In their basic form, G^E models and EoS are only partially useful for generalizing over systems: for the reasons given above, they are usually trained on data for binary systems, but can then be used for modeling those binary systems only for which data were available during the training. In contrast, predictions of properties of unstudied multicomponent systems with G^E models and EoS often turn out to be sufficiently accurate, under the condition that the model was trained on data for all constituent binary subsystems.⁶

To overcome the lack of generalization over (binary) systems, group-contribution (GC) approaches like UNIFAC,^7–9 modified UNIFAC (Dortmund),^10,11 and the Predictive Soave–Redlich–Kwong (PSRK) EoS^12,13 have been developed.
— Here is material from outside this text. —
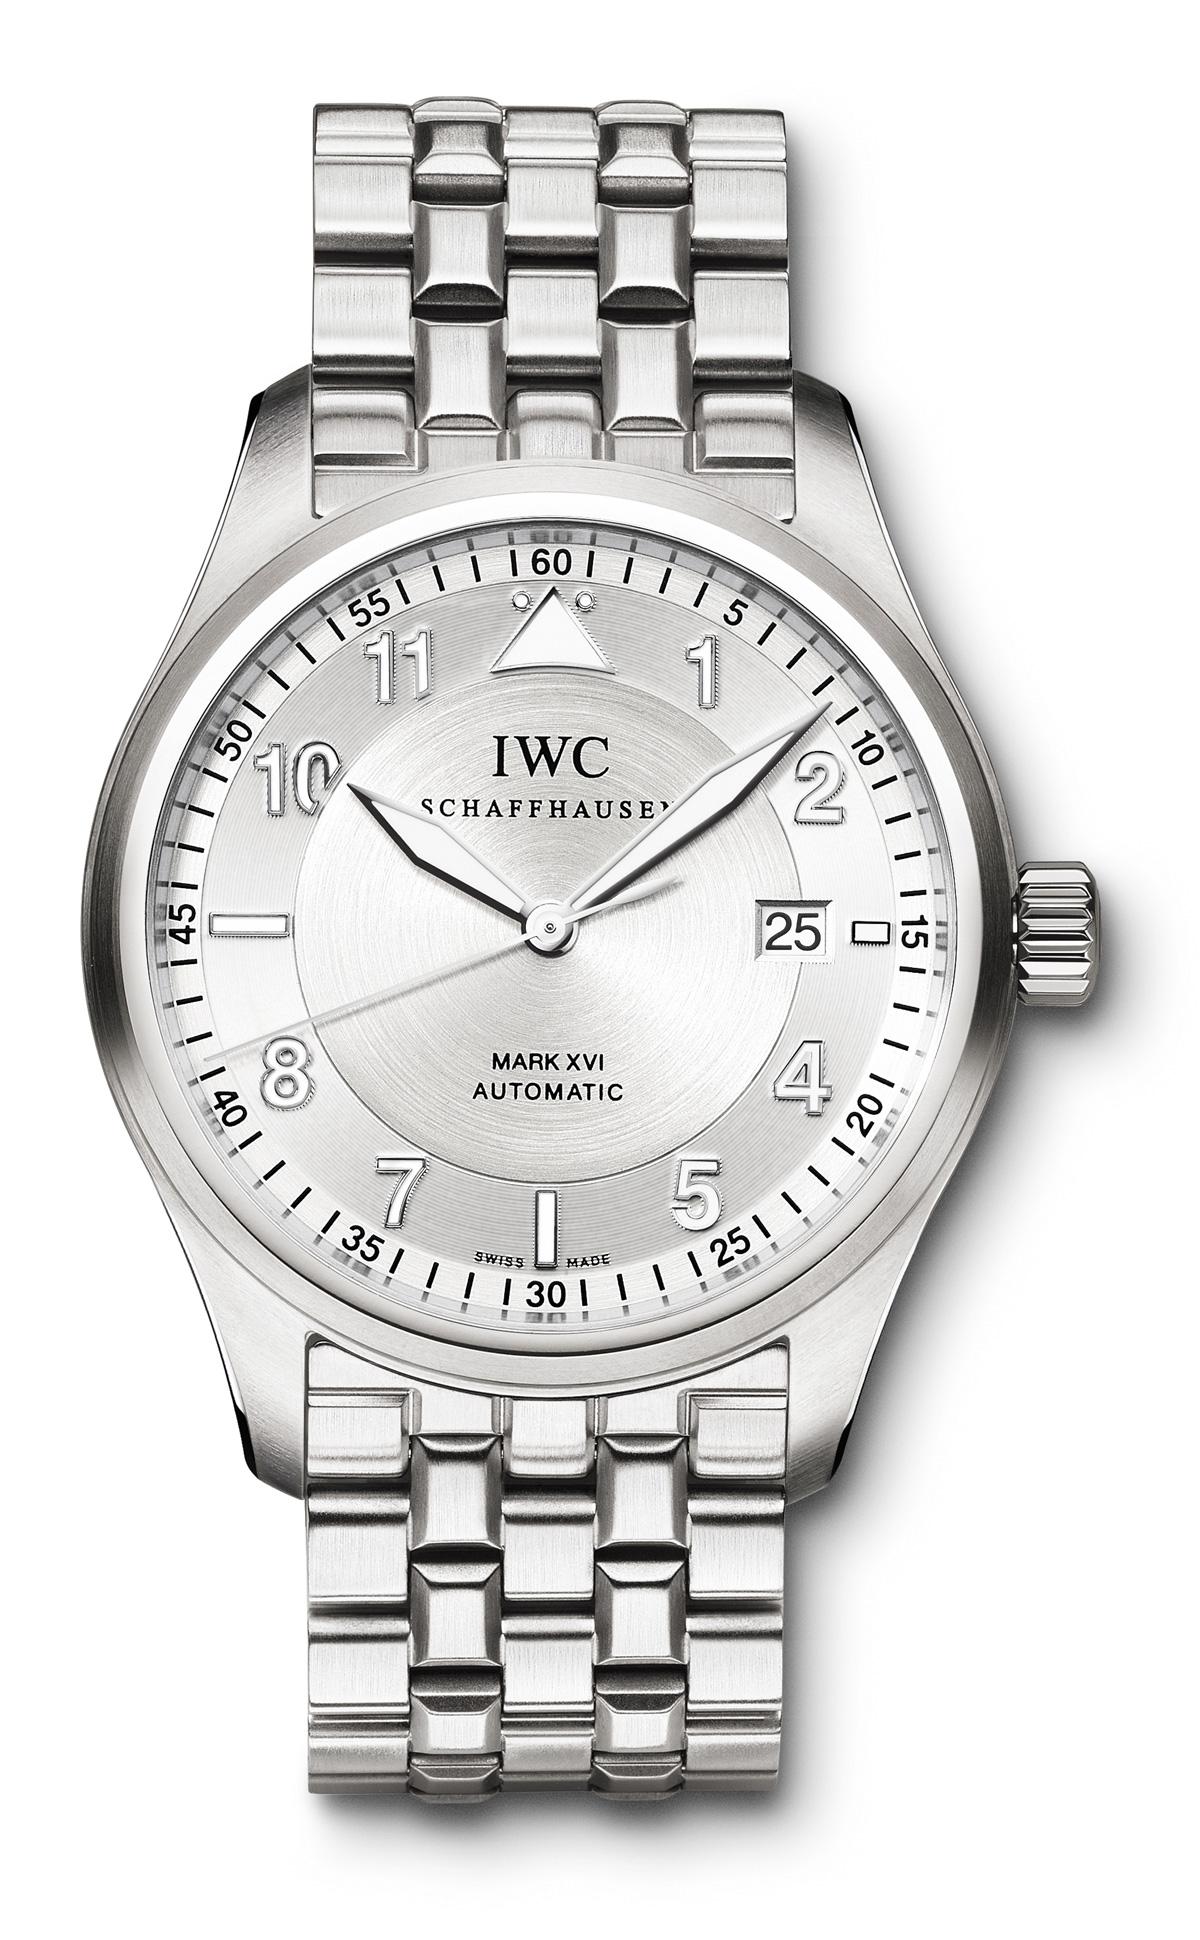 IWC Pilots Watches Spitfire Mark 16 Replica

They are based on the idea that components can be split into structural groups and, instead of considering pair interactions between components, pair interactions between these groups are modeled. As the number of relevant structural groups is comparatively small (in the order of 100), the combinatorial problem described above thereby becomes tractable. GC methods contain group-interaction parameters that are usually trained on data for binary systems containing the pertinent groups. They can then be used for predicting the properties of systems for which no data are available.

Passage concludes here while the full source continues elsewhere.